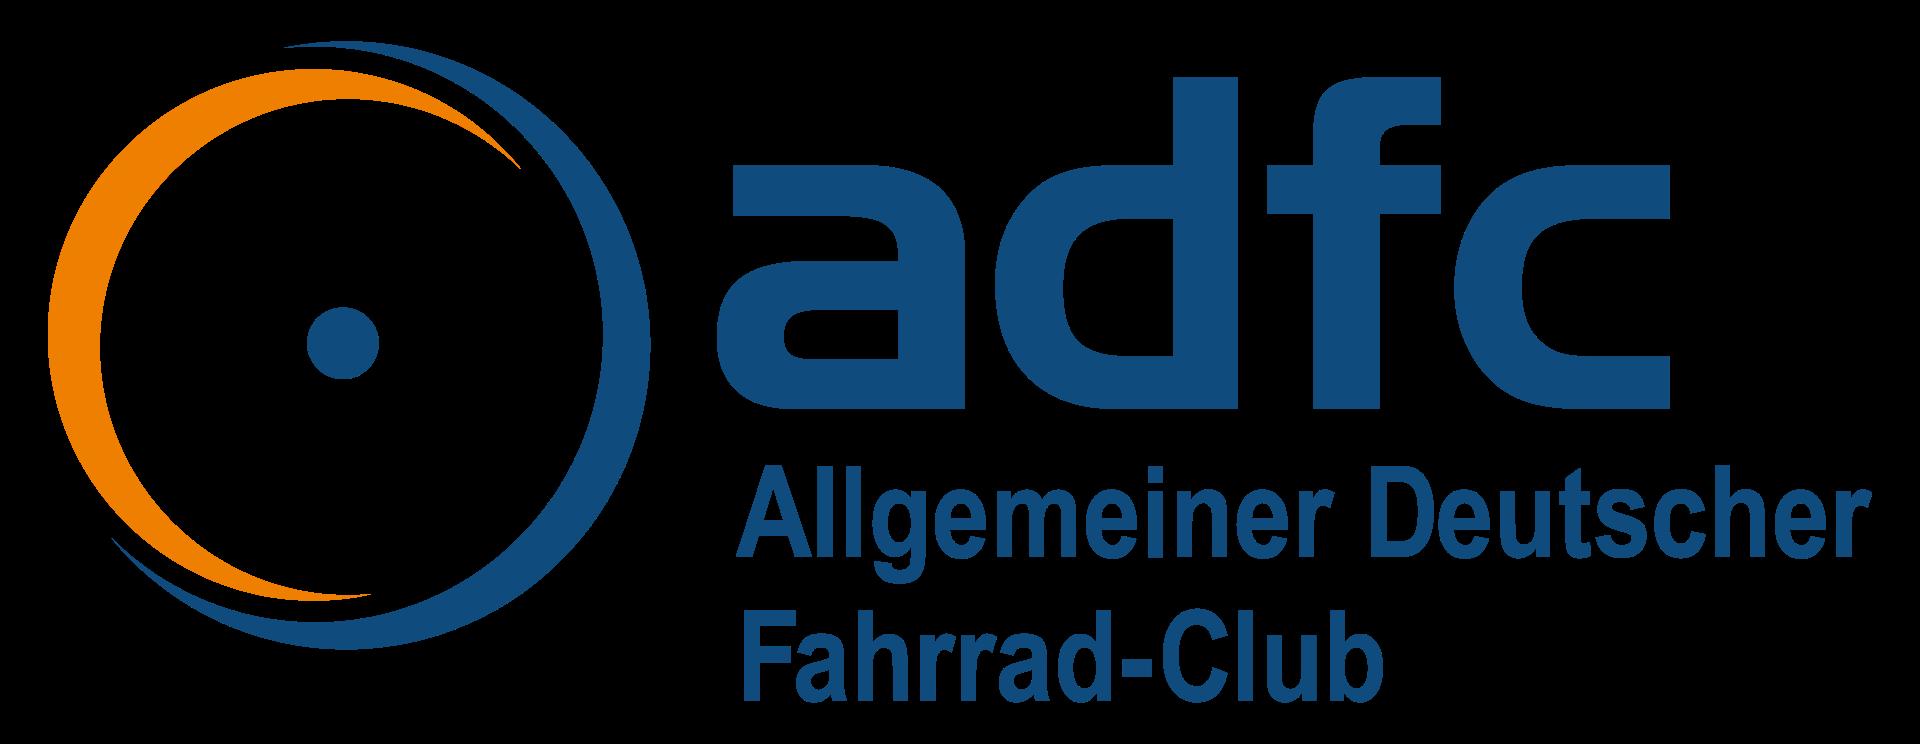 ADFC-Logo_2009_1.png
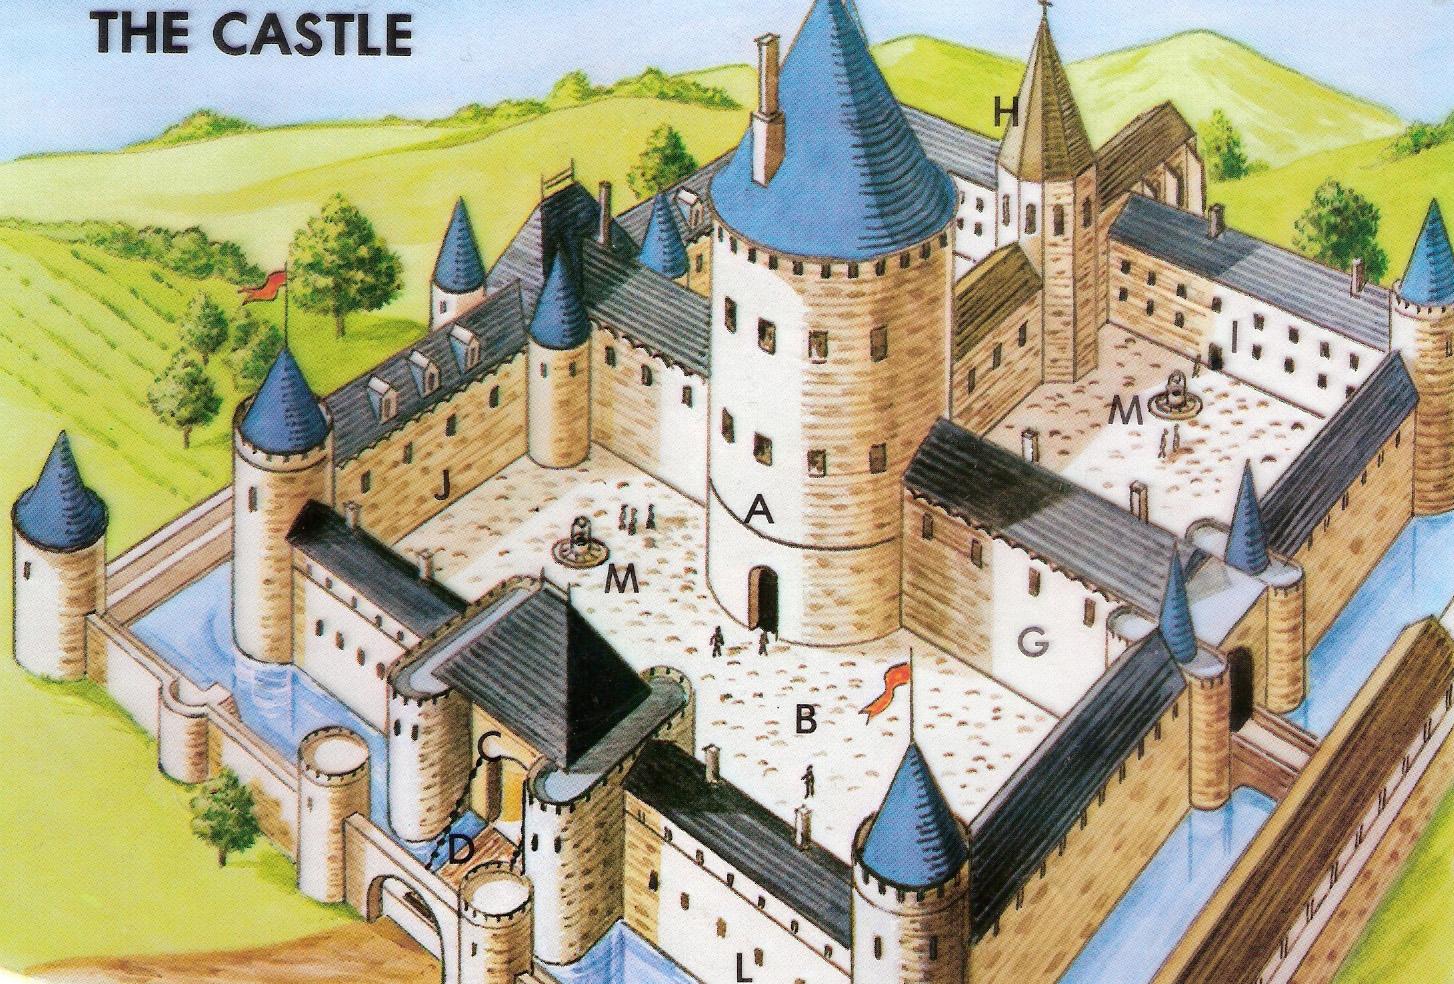 как картинка рыцарского замка в средние века различных видов
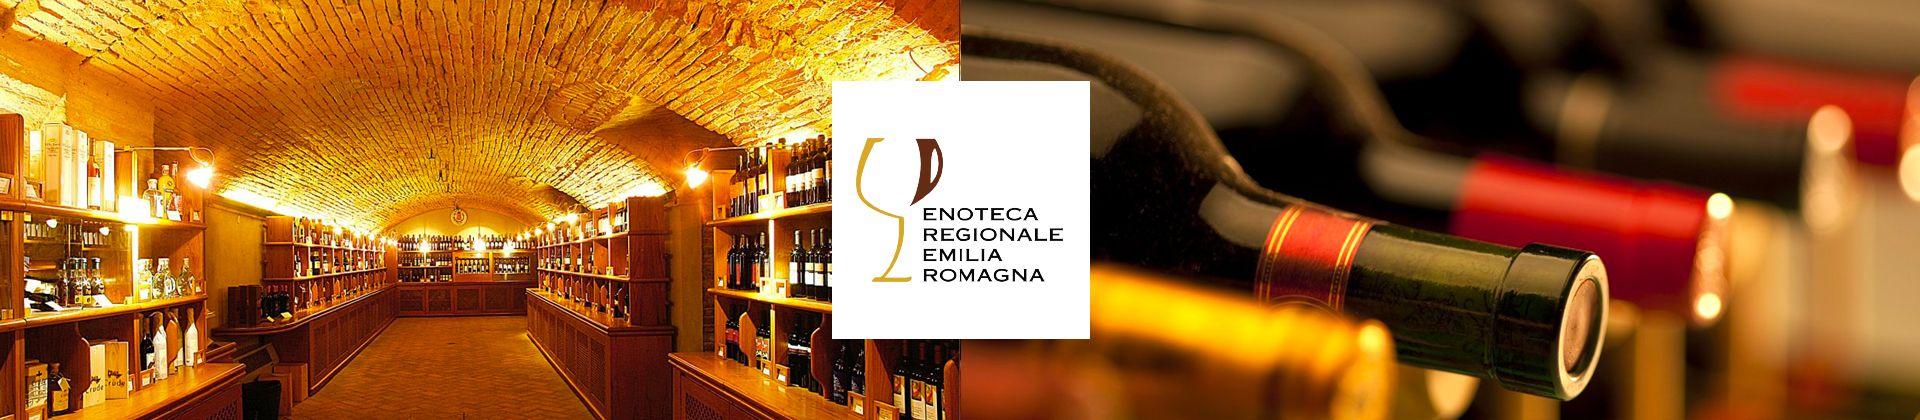 ENOTECA REGIONALE EMILIA-ROMAGNA
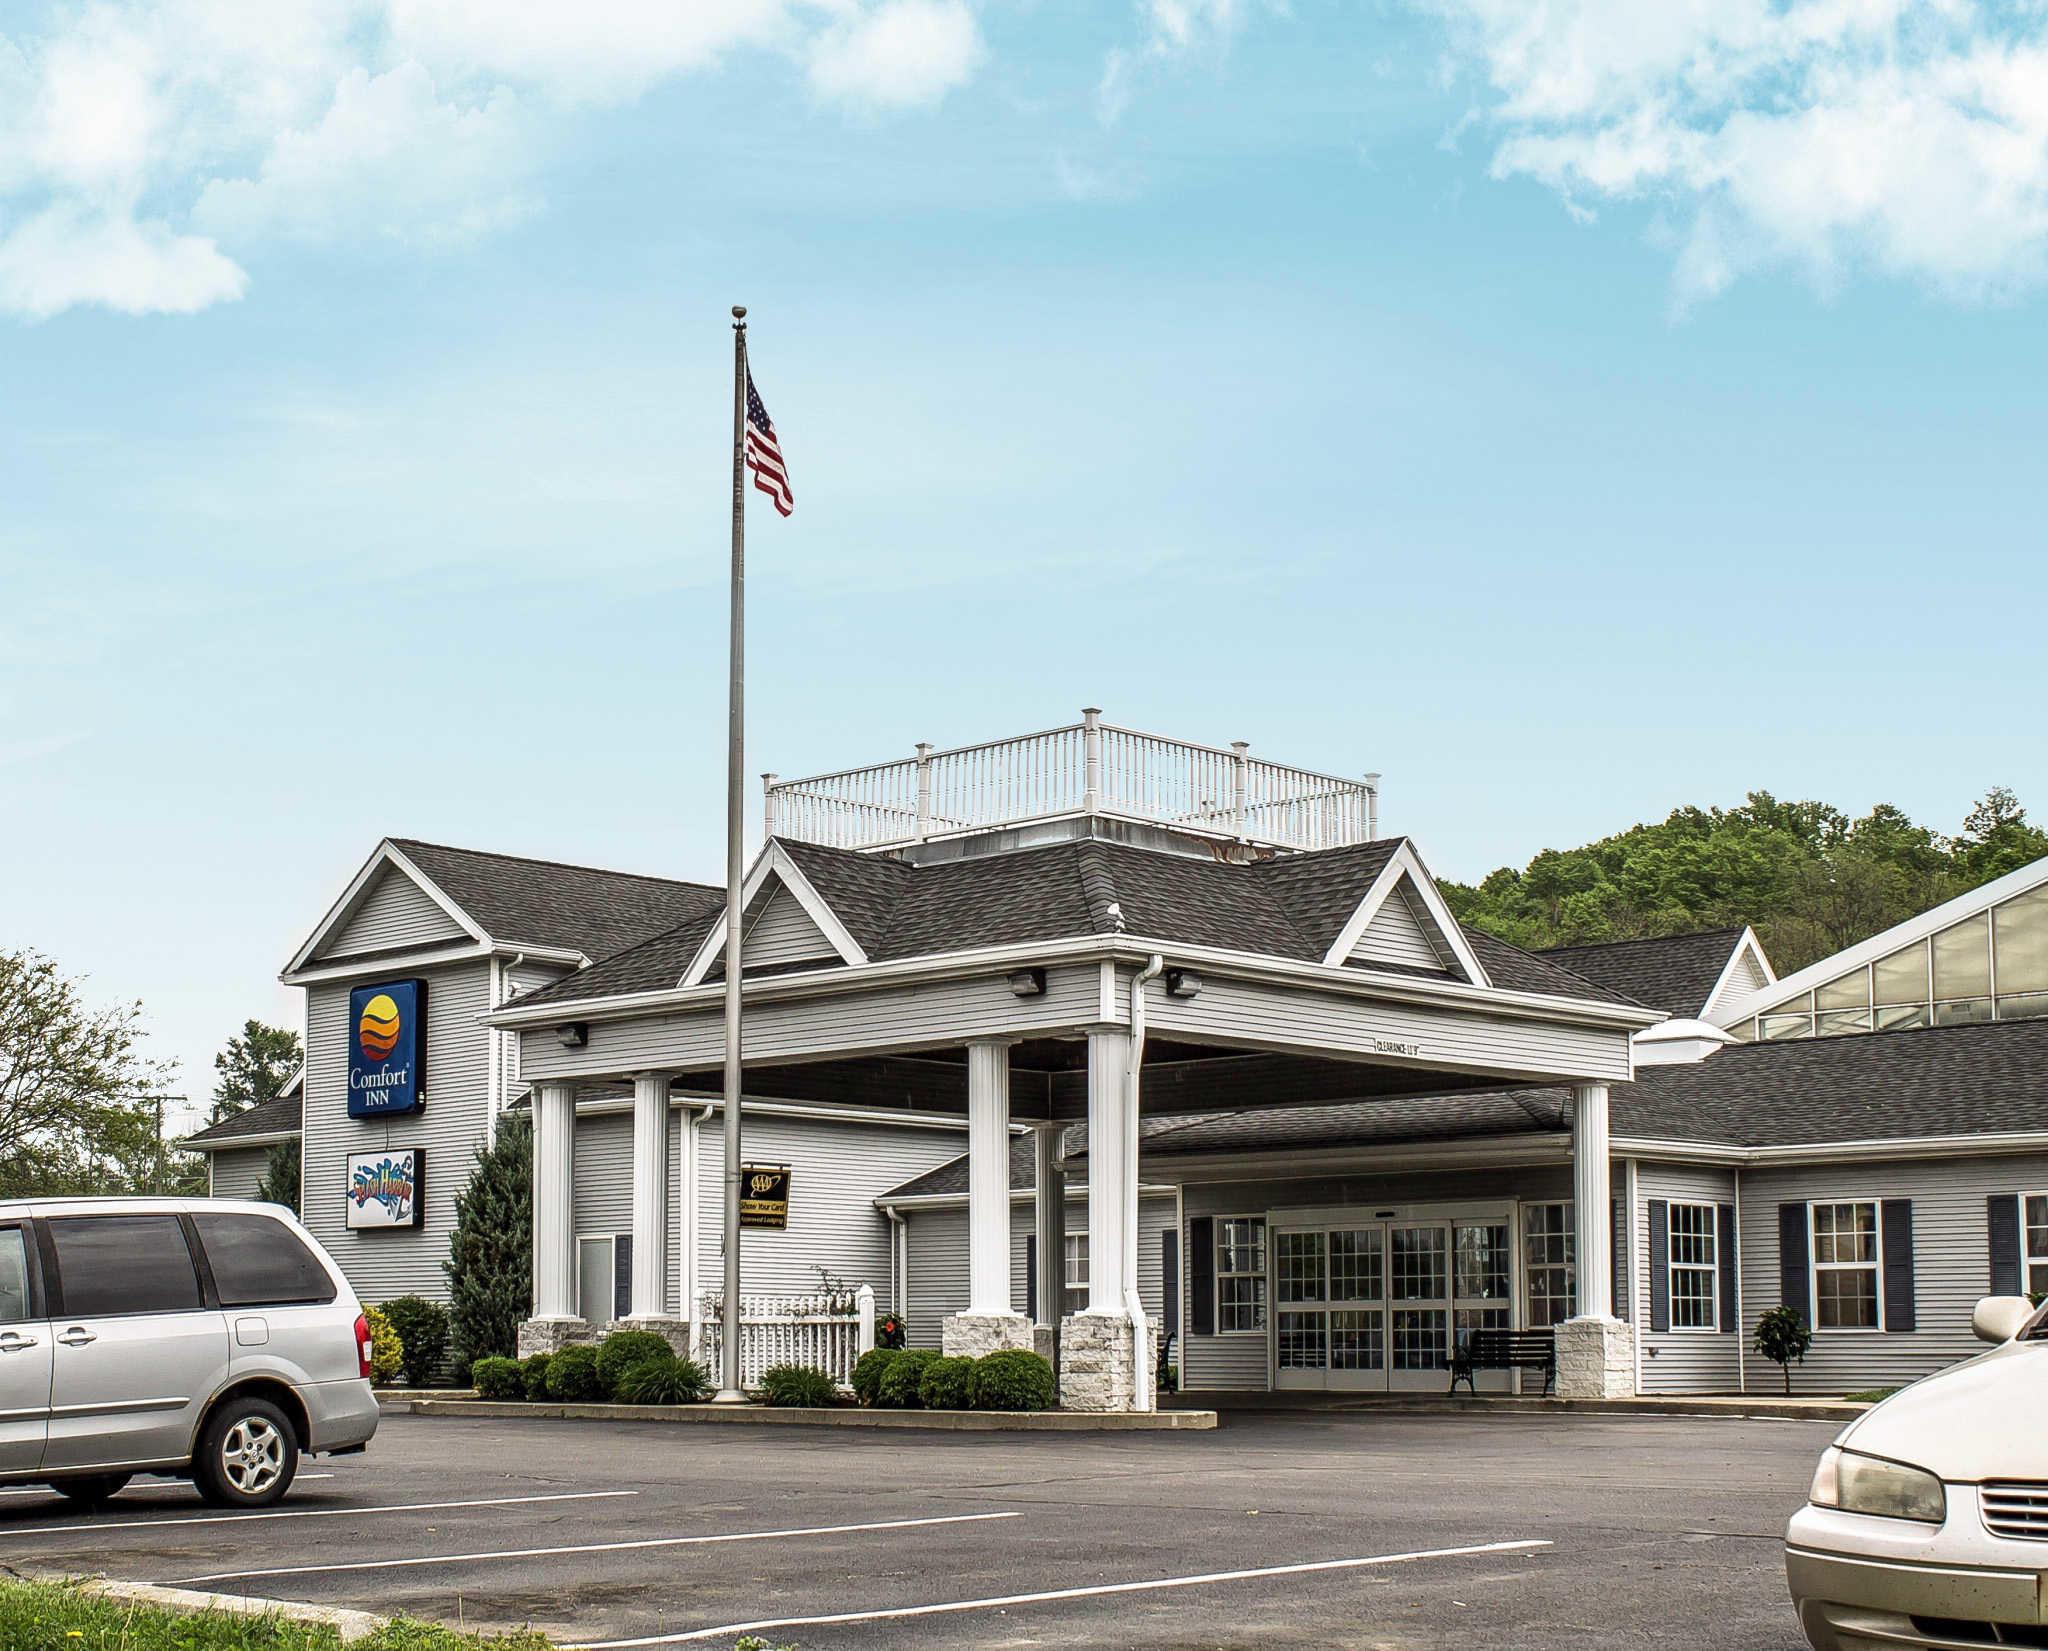 Comfort Inn Splash Harbor image 1

----------

Transcribe the material exactly, keeping every word and none of the pictures.

### [SOLUTION FOR THIS TASK]
 ADFC-Logo_2009_1.png
 как картинка рыцарского замка в средние века различных видов
 ENOTECA REGIONALE EMILIA-ROMAGNA
 Comfort Inn Splash Harbor image 1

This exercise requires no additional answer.